Solar Cell Surface Defect Inspection Based on Multispectral Convolutional Neural Network
Haiyong Chen, Yue Pang, Qidi Hu, Kun Liu

TL;DR
This paper introduces a multi-spectral deep convolutional neural network for solar cell surface defect detection, significantly improving accuracy and efficiency over traditional human-based inspection methods.
Contribution
The paper develops a multi-spectral CNN model tailored for solar cell defect detection, optimizing model structure and spectral feature analysis for enhanced discrimination.
Findings
Detection accuracy reaches 94.30%.
Multi-spectral approach improves defect recognition.
Model demonstrates higher adaptability and efficiency.
Abstract
Similar and indeterminate defect detection of solar cell surface with heterogeneous texture and complex background is a challenge of solar cell manufacturing.
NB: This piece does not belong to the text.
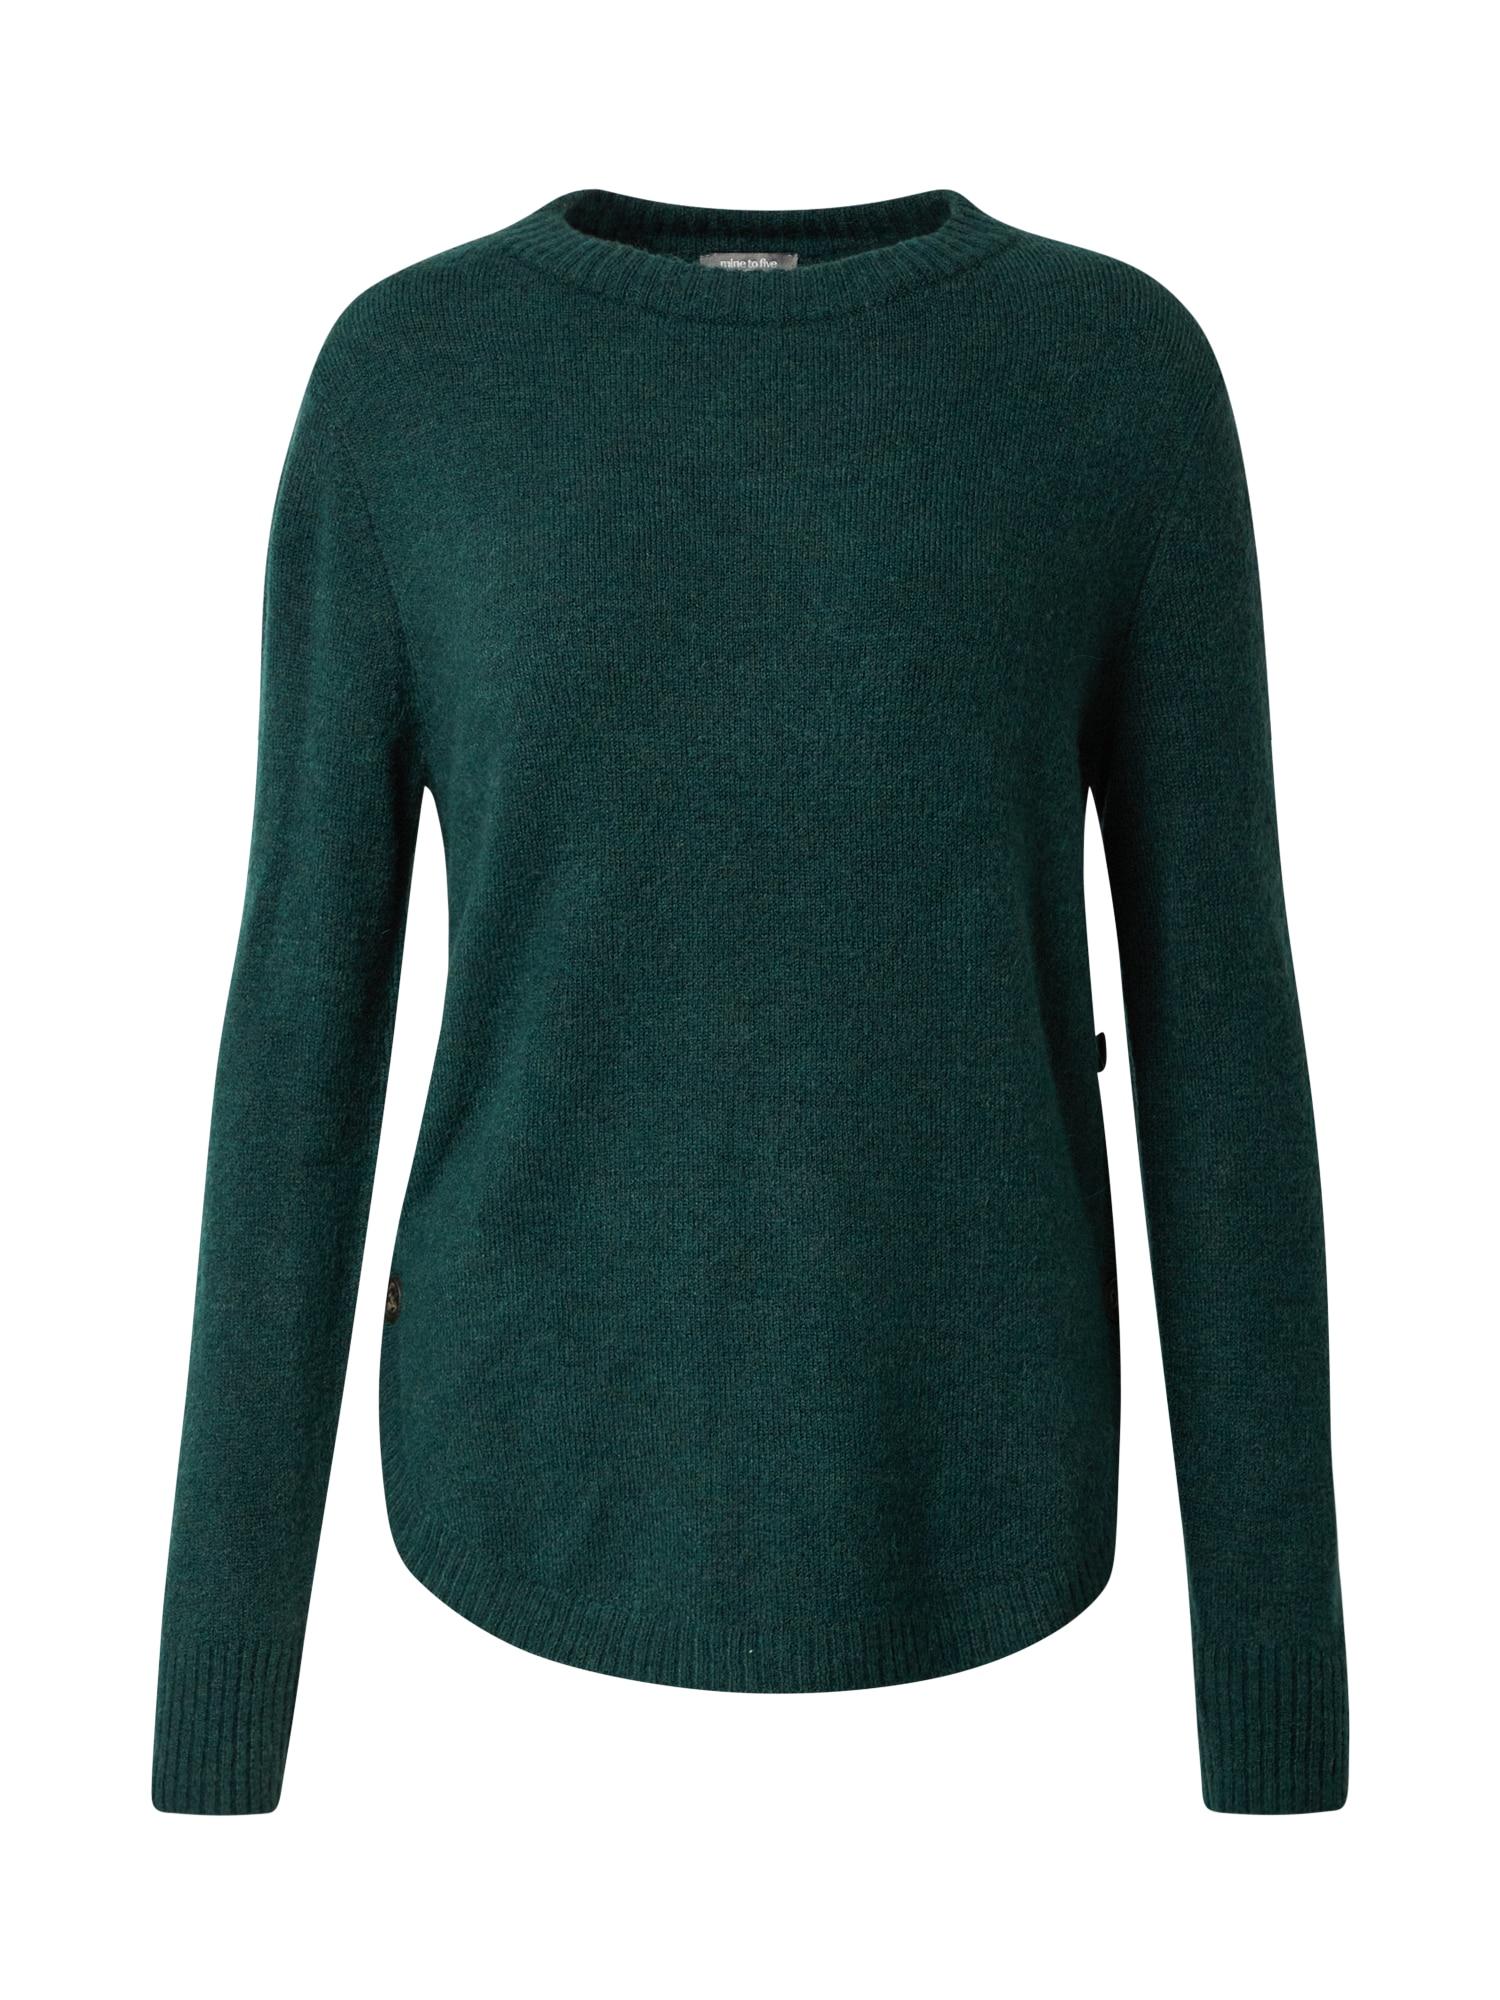 MINE TO FIVE Megztinis tamsiai žalia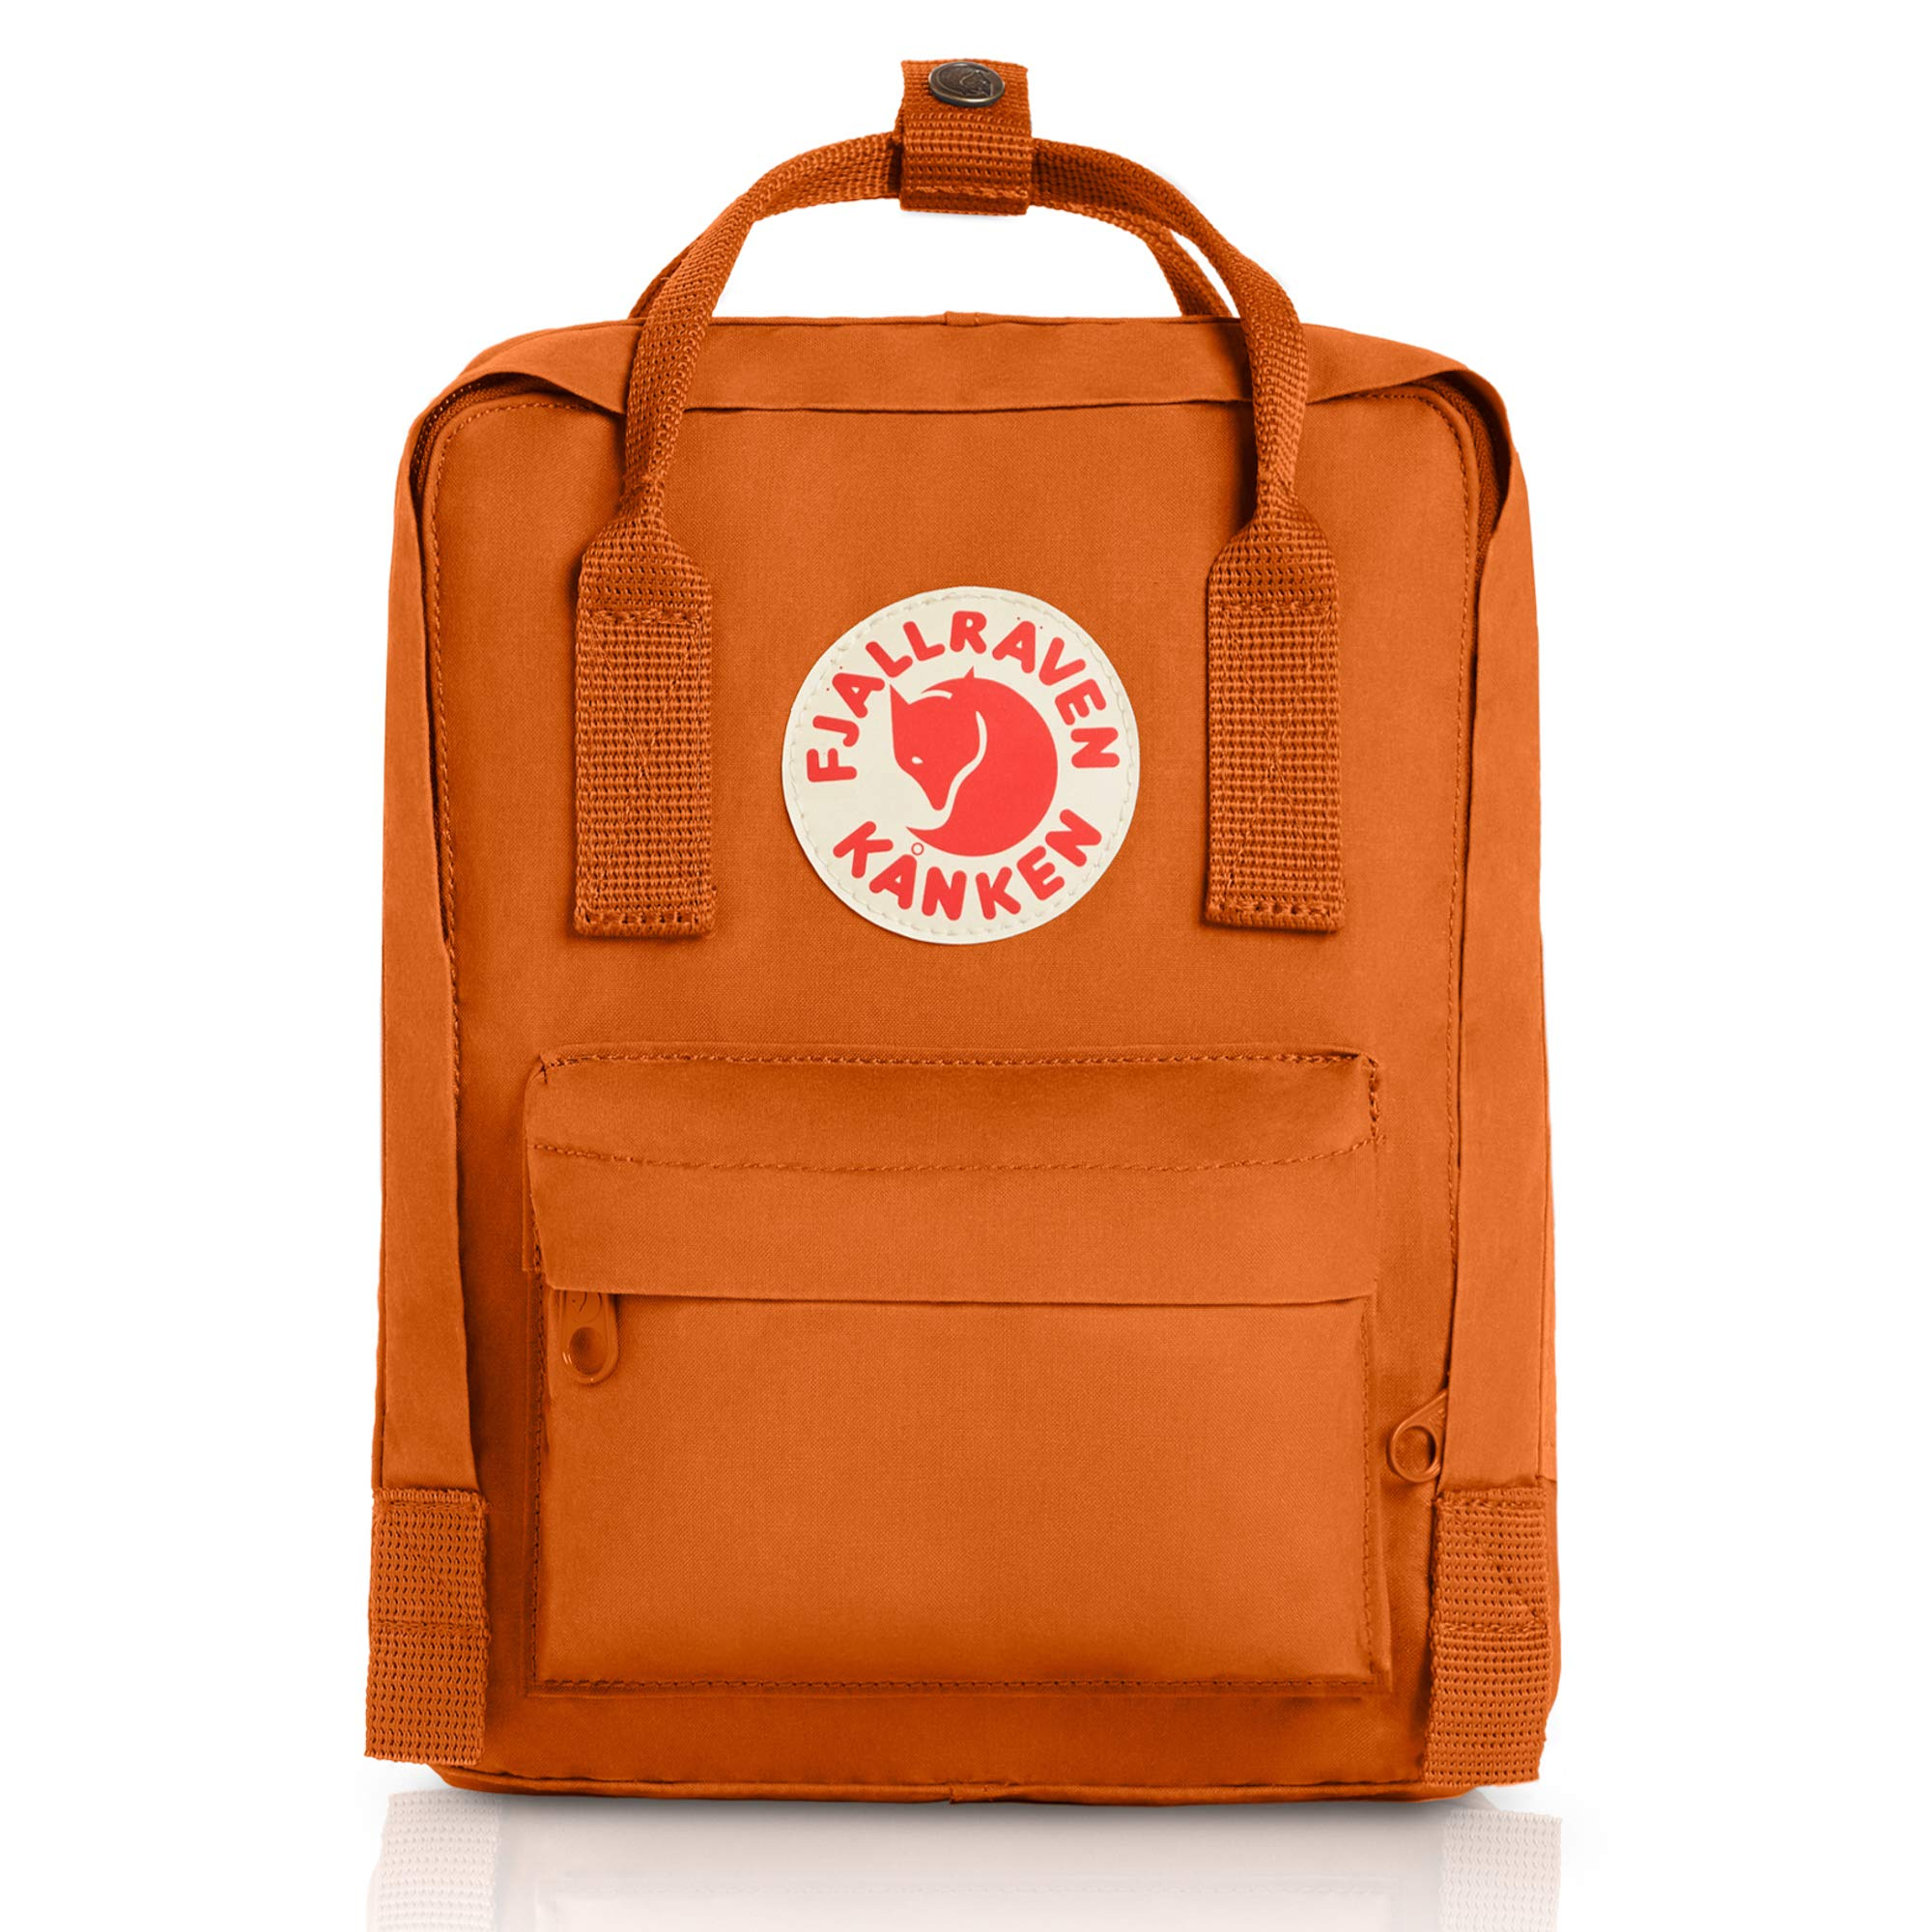 2df8dfcd24 Fjallraven Kanken Mini Backpack - Brick - 23561   Casual Daypacks ...

The traditional manufacturing process relies on human eye detection which requires a large number of workers without a stable and good detection effect. In order to solve the problem, a visual defect detection method based on multi-spectral deep convolutional neural network (CNN) is designed in this paper. Firstly, a selected CNN model is established. By adjusting the depth and width of the model, the influence of model depth and kernel size on the recognition result is evaluated. The optimal CNN model structure is selected. Secondly, the light spectrum features of solar cell color image are analyzed. It is found that a variety of defects exhibited different distinguishable characteristics in different spectral bands. Thus, a…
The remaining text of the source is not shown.